そんなわれわれファンの不安を吹き飛ばすかのごとく、前作『Back in the World of the Adventures』からわずか半年あまりのインターバルで届いたのが『Retropolis』。
「バック」の後は「レトロ」だと、どこまでも後ろ向きの過去へのノスタルジーに徹し、ただならぬ本気さを証明するだめ押しの一撃だった。 

過去から推敲してきた選りすぐりの自信曲を詰め込んだ前作に比べると、こちらは少なからずインスト中心、ジャムセッションからの発展形のような趣きが強い。
計算尽くしというよりも、スタジオでの勢いに乗った作品であることは間違いない。
まずオープニングのタイトル曲でもう理屈抜きにノックダウンだ。
Larks Tongues in Aspic Part 1を思わせるような様式美の典型的なインストプログレ。よくぞ、ここまで、やってくれたという分かりやすい展開にはもう何も言葉が出ない。結局のところ、多くのプログレ・ファンが本心から望んでいた理想世界に違いない。タイトな演奏は硬さが取れてひたすらドライブする。1980年代以降、これほど唯我独尊のメジャー感覚でプログレ路線をひた走る例はちょっと思い当たらない。普通はどこかに時代へのアンチテーゼという自意識をぬぐえない。Roineにはもうその境地を脱している。過去のある時代へのほぼ盲目的なロイヤリティによって、時代を軽く超えてやってのけるのだ。

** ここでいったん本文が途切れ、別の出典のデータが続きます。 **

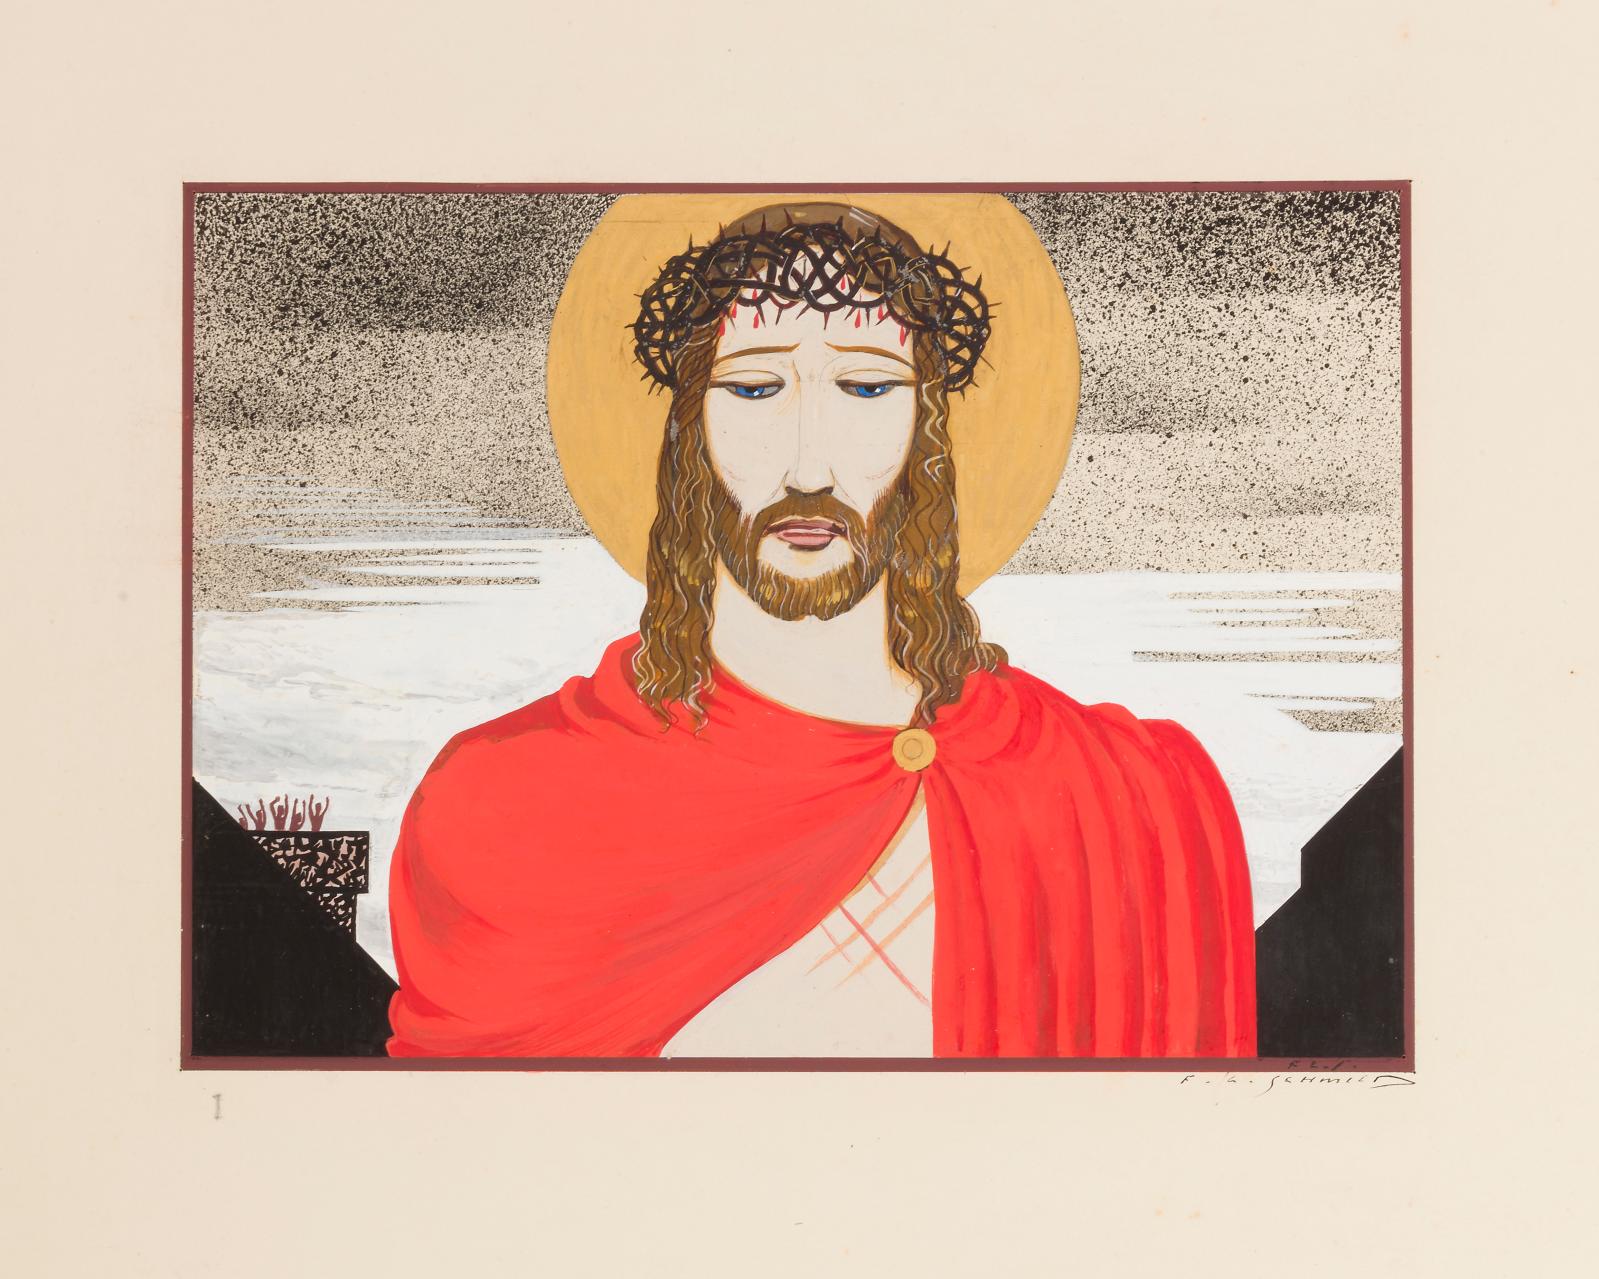 Les derniers moments du Christ illustrés par François-Louis Schmied

本作にはもう一つ、彼らの代表曲としてファンの間で親しまれているThere is More to This Worldが収録されている。タイトル曲が少なからずKing Crimsonを意識した硬派の面をアピールしているのに対し、こちらは中期Genesisを彷彿させるメロディアスなプログレである。このバンドは、基本的には、Genesisよりは、Yesに近いハード・ロックだと思うのだが、One for the Vineを思い出すようなファンタジックな音色は、Tomas Bodinのセンスであろう。
これは、後のメンバーのJonas Reingold率いるKarmakanicや後輩格のMoon Safariに継承される美学である。

半年でリリースされた本作の「これでもか」感によって、疑い深いわれわれもRoineの筋金入りのプログレ魂を思い知った。このアルバムが出た1996年、自分は3年勤めた会社を辞めて、何ら計画性もないまま、ブラジルへ発つことを決めた。26歳だったと思う。今、振り返るとささやかだがわが半生では重要な転機だった。
その時に最もエンカレッジしてくれたのが、このアルバムだった。
Roineが自分の人生で掛け替えのない英雄となった瞬間でもあった。